Alternatively, and presumably easier, we can change the encoder's output format to a pandas dataframe using the `.set_output()` method, BUT, if that is the case, we must set `sparse_output` as `False`.

In [45]:
# Make new encoder with updated sparse_output argument:
oh_encoder = preprocessing.OneHotEncoder(sparse_output = False)

# Changing the output format of encoder:
oh_encoder.set_output(transform = "pandas")

oh_encoder.fit(penguins_df[["island"]])

oh_islands_df = oh_encoder.transform(penguins_df[["island"]])

In [46]:
oh_islands_df.head()

Unnamed: 0,island_Biscoe,island_Dream,island_Torgersen
0,0.0,0.0,1.0
1,0.0,0.0,1.0
2,0.0,0.0,1.0
3,0.0,0.0,1.0
4,0.0,0.0,1.0


In [47]:
penguins_df.join(oh_islands_df).head()

Unnamed: 0,species,island,bill_length_mm,bill_depth_mm,flipper_length_mm,body_mass_g,sex,year,island_Biscoe,island_Dream,island_Torgersen
0,Adelie,Torgersen,39.1,18.7,181.0,3750.0,male,2007,0.0,0.0,1.0
1,Adelie,Torgersen,39.5,17.4,186.0,3800.0,female,2007,0.0,0.0,1.0
2,Adelie,Torgersen,40.3,18.0,195.0,3250.0,female,2007,0.0,0.0,1.0
3,Adelie,Torgersen,36.7,19.3,193.0,3450.0,female,2007,0.0,0.0,1.0
4,Adelie,Torgersen,39.3,20.6,190.0,3650.0,male,2007,0.0,0.0,1.0


#### <span style = "color:red"> EXERCISE

The first predictive feature of the fish dataset (the species) is categorical.
1. Create a one hot encoder and fit it to this data.
2. Transform the data.
3. Check the first few rows of the transformed data.

In [None]:
# I'll load the data for you, and select the column we want
fish_df = pd.read_csv("data/fish.csv")
fish_df = fish_df[["species"]]

In [None]:
# Make new encoder with updated sparse_output argument:


# Changing the output format of encoder:


# Fit it to the data


# Transform the data


In [None]:
# Check the transformed data


### <span style="color:teal">How to choose the right scaler?

There are a variety of factors to consider.
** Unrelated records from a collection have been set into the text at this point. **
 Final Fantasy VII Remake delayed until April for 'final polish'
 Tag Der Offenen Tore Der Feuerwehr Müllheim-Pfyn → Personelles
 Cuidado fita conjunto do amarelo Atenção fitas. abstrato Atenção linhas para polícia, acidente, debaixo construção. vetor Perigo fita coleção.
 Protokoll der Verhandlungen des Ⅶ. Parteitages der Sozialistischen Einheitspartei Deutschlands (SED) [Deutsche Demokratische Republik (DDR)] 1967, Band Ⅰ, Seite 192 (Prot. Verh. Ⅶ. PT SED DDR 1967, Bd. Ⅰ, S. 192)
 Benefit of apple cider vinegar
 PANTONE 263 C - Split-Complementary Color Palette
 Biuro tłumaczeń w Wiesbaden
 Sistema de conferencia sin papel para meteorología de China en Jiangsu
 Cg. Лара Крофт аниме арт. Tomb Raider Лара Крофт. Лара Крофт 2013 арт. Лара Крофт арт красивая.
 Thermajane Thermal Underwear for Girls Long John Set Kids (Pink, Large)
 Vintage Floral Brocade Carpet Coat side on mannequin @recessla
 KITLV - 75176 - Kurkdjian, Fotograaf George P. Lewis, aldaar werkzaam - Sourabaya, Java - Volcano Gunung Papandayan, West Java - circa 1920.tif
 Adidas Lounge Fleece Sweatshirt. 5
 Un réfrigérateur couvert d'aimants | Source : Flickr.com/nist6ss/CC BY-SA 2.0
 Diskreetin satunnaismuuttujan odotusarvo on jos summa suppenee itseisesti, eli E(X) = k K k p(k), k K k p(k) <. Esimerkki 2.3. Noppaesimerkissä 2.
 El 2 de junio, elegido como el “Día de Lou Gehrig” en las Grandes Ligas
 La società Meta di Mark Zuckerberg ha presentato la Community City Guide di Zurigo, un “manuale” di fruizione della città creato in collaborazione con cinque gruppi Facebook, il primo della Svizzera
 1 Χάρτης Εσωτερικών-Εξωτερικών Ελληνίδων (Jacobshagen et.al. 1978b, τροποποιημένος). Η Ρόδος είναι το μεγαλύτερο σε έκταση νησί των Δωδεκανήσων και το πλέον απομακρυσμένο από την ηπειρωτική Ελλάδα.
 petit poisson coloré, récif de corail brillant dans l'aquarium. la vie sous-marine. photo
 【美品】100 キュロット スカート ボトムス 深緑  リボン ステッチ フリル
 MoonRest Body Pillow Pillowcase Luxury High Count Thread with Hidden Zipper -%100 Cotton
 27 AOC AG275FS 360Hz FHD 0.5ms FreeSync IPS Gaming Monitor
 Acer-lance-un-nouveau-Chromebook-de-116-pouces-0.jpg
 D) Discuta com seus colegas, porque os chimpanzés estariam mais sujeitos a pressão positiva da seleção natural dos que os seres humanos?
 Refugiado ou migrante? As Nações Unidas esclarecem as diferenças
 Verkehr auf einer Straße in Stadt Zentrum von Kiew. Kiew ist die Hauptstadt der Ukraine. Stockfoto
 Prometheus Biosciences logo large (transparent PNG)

We don't have much time to go over them here, but here's a preview:
- What is the data type?
- How is it distributed?
- What models will be used, and what are the model assumptions?
- Do we want to keep the data within a given range?
- etc.

### <span style="color:teal">Summary

We learn a few classes from the `preprocessing` module:
- `StandardScaler`
- `Normalizer`
- `OrdinalEncoder`
- `OneHotEncoder`

There are many more you will learn in your scikit-learn adventures, but we can't deal with those here. Remember the main recipe for preprocessors:
1. Create and instance of the object you need. Usually like this: `preprocessor = SomeClass()`</li>
2. Fit the preprocessor, usually like this: `preprocessor.fit(X)`</li>
3. Transform your data, which may or may not be the same as the one used for fitting. Usually like this: `preprocessor.transform(X_2)`

Keep this recipe in mind, because the models we are about to use follow a similar logic!